I decided to see how the old max TPS test that uses only pay transactions fails and saw the same exact failure pattern in this run at 900 TPS. The pattern isn't as dramatic, but it's still there:
First, bd-0
's (in green) ledger age and demand timeouts start creeping up:
Then, about a minute later, bd-0
starts banning transactions:
Loadgen fails on bd-0
where that graph levels out. Like the mixed mode runs, the other nodes keep going just fine, probably due to the load decreasing network-wide when bd-0
stops generating load.
This all leads me to believe that the reason for loadgen failures is the same in both mixed and classic mode. I still suspect it's the overlay getting overwhelmed, and the TPS is just lower for mixed mode because the messages are larger.
Related: when running the new test, is the ledger close time metric (ledger.ledger.close) consistent with the same classic TPS? I opened https://github.com/stellar/stellar-core/issues/4365 recently, so I'm wondering if there's any overhead with Soroban ops we're not accounting for in our simulations. E.g. if there's an extra overhead for Soroban vs classic close time, this does impact the resulting TPS.
when running the new test, is the ledger close time metric (ledger.ledger.close) consistent with the same classic TPS?

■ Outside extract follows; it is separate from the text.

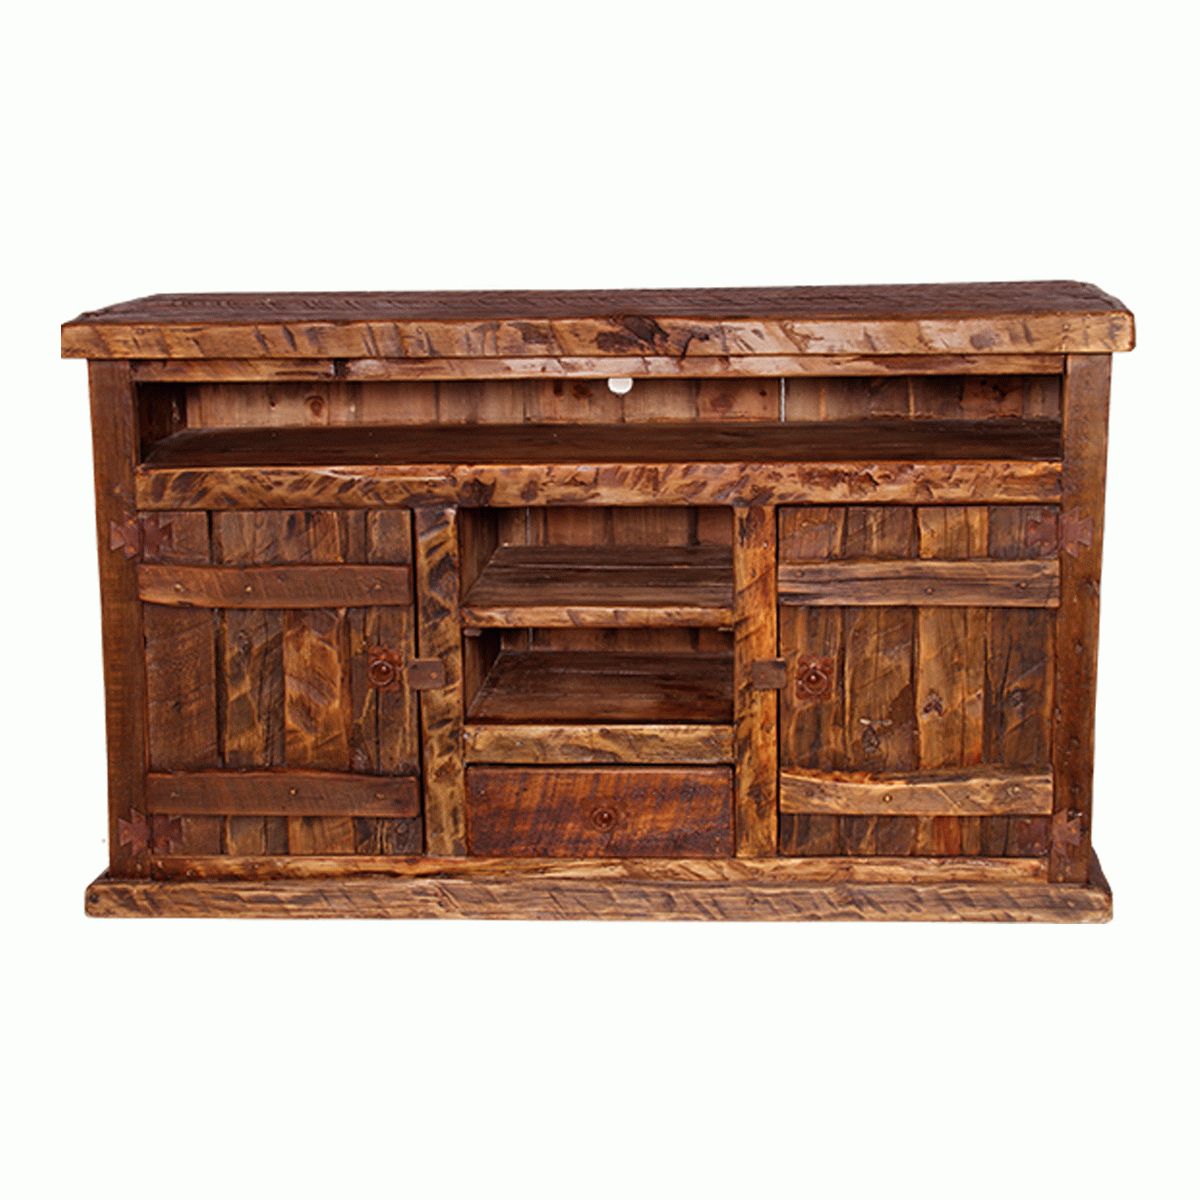 Orange Tv Stands Intended For Most Popular Rustic Tv Stands: Old West Pine Tv Stand (View 19 of 20)
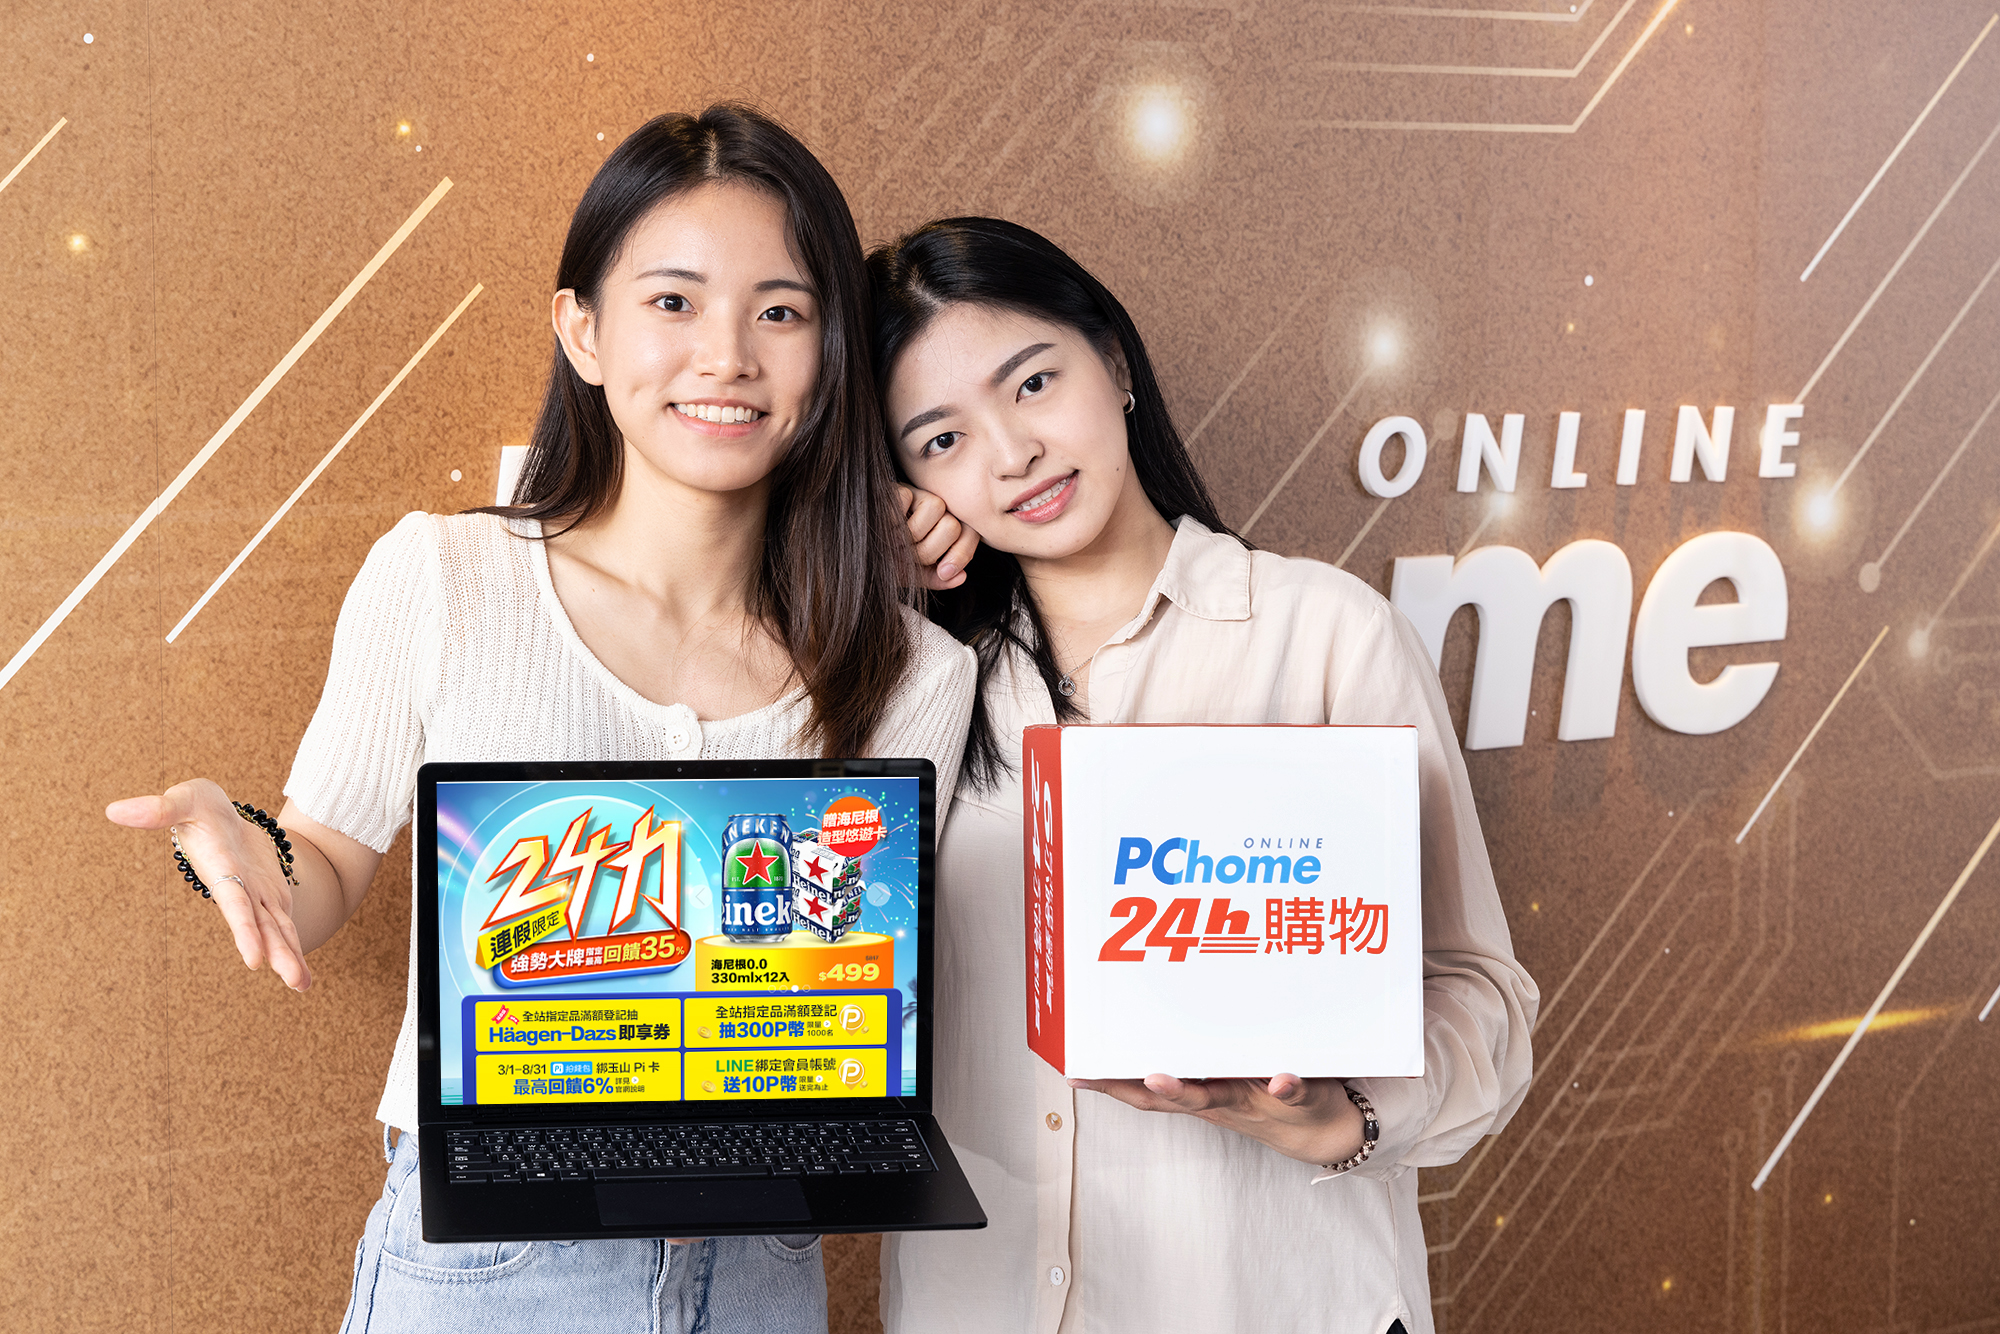 PChome 24h Shopping Offers up to 80% off for 24 Categories

No, it looks like the average ledger close time is a bit higher on the mixed mode run, and the max is much higher. Here's the metric from a mixed mode run:
,"ledger.ledger.close":{
"type":"timer",
"count":16,
"event_type":"calls",
"rate_unit":"s",
"mean_rate":0.139674,
"1_min_rate":0.199989,
"5_min_rate":0.191766,
"15_min_rate":0.17716,
"duration_unit":"ms",
"min":0.532251,
"max":3392.97,
"mean":553.548,
"stddev":1213.05,
"sum":8856.77,
"median":1.70122,
"75%":2181.19,
"95%":3271.87,
"98%":3271.87,
"99%":3271.87,
"99.9%":3271.87,
"100%":3271.87
}
And here's one from a classic run:
,"ledger.ledger.close":{
"type":"timer",
"count":148,
"event_type":"calls",
"rate_unit":"s",
"mean_rate":0.150299,
"1_min_rate":0.183972,
"5_min_rate":0.186444,
"15_min_rate":0.190643,
"duration_unit":"ms",
"min":0.541953,
"max":601.459,
"mean":413.158,
"stddev":104.403,
"sum":61147.4,
"median":464.925,
"75%":477.388,
"95%":553.14,
"98%":553.14,
"99%":553.14,
"99.9%":553.14,
"100%":553.14
}
Closes #142 and #106
This change adds a new mission
MaxTPSMixed
that performs a binary search to determine the max TPS under a mix of classic and soroban traffic.I tested these changes by scaling some things back (smaller network, lower timing intervals, etc) and verifying that the binary search works as expected. The test is able to correctly detect that loadgen fails on TPS runs that are too high.